+++ Provided material
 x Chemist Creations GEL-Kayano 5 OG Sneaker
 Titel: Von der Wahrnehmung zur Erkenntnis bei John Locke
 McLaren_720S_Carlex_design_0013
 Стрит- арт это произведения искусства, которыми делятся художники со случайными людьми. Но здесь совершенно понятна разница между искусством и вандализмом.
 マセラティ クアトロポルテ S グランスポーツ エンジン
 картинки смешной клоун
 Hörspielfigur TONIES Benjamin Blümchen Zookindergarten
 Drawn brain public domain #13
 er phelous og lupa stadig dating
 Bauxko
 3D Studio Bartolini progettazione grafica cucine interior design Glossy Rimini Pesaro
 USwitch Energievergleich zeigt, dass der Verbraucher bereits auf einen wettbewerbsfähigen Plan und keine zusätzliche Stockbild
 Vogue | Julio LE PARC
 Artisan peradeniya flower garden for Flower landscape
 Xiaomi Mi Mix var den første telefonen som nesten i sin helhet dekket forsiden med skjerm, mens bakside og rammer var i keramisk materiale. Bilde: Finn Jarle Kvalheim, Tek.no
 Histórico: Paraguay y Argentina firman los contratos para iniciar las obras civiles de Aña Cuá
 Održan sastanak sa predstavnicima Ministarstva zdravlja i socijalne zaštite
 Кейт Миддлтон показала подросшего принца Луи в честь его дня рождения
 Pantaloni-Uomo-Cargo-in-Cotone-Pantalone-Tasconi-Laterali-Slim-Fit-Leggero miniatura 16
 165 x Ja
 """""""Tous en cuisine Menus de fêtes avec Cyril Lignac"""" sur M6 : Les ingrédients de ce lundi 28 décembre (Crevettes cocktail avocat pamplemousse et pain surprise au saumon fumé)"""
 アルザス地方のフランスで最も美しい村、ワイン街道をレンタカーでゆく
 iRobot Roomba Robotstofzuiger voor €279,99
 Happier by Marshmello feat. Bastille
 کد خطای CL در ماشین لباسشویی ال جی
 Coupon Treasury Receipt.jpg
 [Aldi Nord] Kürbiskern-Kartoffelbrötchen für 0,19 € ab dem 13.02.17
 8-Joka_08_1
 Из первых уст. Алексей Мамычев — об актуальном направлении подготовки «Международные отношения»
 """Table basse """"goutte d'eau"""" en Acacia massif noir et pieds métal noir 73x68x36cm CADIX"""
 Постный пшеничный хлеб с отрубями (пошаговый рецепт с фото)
++++++
- Action item -
All the data above should be set down a second time, exactly.

- Exercise result -
 x Chemist Creations GEL-Kayano 5 OG Sneaker
 Titel: Von der Wahrnehmung zur Erkenntnis bei John Locke
 McLaren_720S_Carlex_design_0013
 Стрит- арт это произведения искусства, которыми делятся художники со случайными людьми. Но здесь совершенно понятна разница между искусством и вандализмом.
 マセラティ クアトロポルテ S グランスポーツ エンジン
 картинки смешной клоун
 Hörspielfigur TONIES Benjamin Blümchen Zookindergarten
 Drawn brain public domain #13
 er phelous og lupa stadig dating
 Bauxko
 3D Studio Bartolini progettazione grafica cucine interior design Glossy Rimini Pesaro
 USwitch Energievergleich zeigt, dass der Verbraucher bereits auf einen wettbewerbsfähigen Plan und keine zusätzliche Stockbild
 Vogue | Julio LE PARC
 Artisan peradeniya flower garden for Flower landscape
 Xiaomi Mi Mix var den første telefonen som nesten i sin helhet dekket forsiden med skjerm, mens bakside og rammer var i keramisk materiale. Bilde: Finn Jarle Kvalheim, Tek.no
 Histórico: Paraguay y Argentina firman los contratos para iniciar las obras civiles de Aña Cuá
 Održan sastanak sa predstavnicima Ministarstva zdravlja i socijalne zaštite
 Кейт Миддлтон показала подросшего принца Луи в честь его дня рождения
 Pantaloni-Uomo-Cargo-in-Cotone-Pantalone-Tasconi-Laterali-Slim-Fit-Leggero miniatura 16
 165 x Ja
 """""""Tous en cuisine Menus de fêtes avec Cyril Lignac"""" sur M6 : Les ingrédients de ce lundi 28 décembre (Crevettes cocktail avocat pamplemousse et pain surprise au saumon fumé)"""
 アルザス地方のフランスで最も美しい村、ワイン街道をレンタカーでゆく
 iRobot Roomba Robotstofzuiger voor €279,99
 Happier by Marshmello feat. Bastille
 کد خطای CL در ماشین لباسشویی ال جی
 Coupon Treasury Receipt.jpg
 [Aldi Nord] Kürbiskern-Kartoffelbrötchen für 0,19 € ab dem 13.02.17
 8-Joka_08_1
 Из первых уст. Алексей Мамычев — об актуальном направлении подготовки «Международные отношения»
 """Table basse """"goutte d'eau"""" en Acacia massif noir et pieds métal noir 73x68x36cm CADIX"""
 Постный пшеничный хлеб с отрубями (пошаговый рецепт с фото)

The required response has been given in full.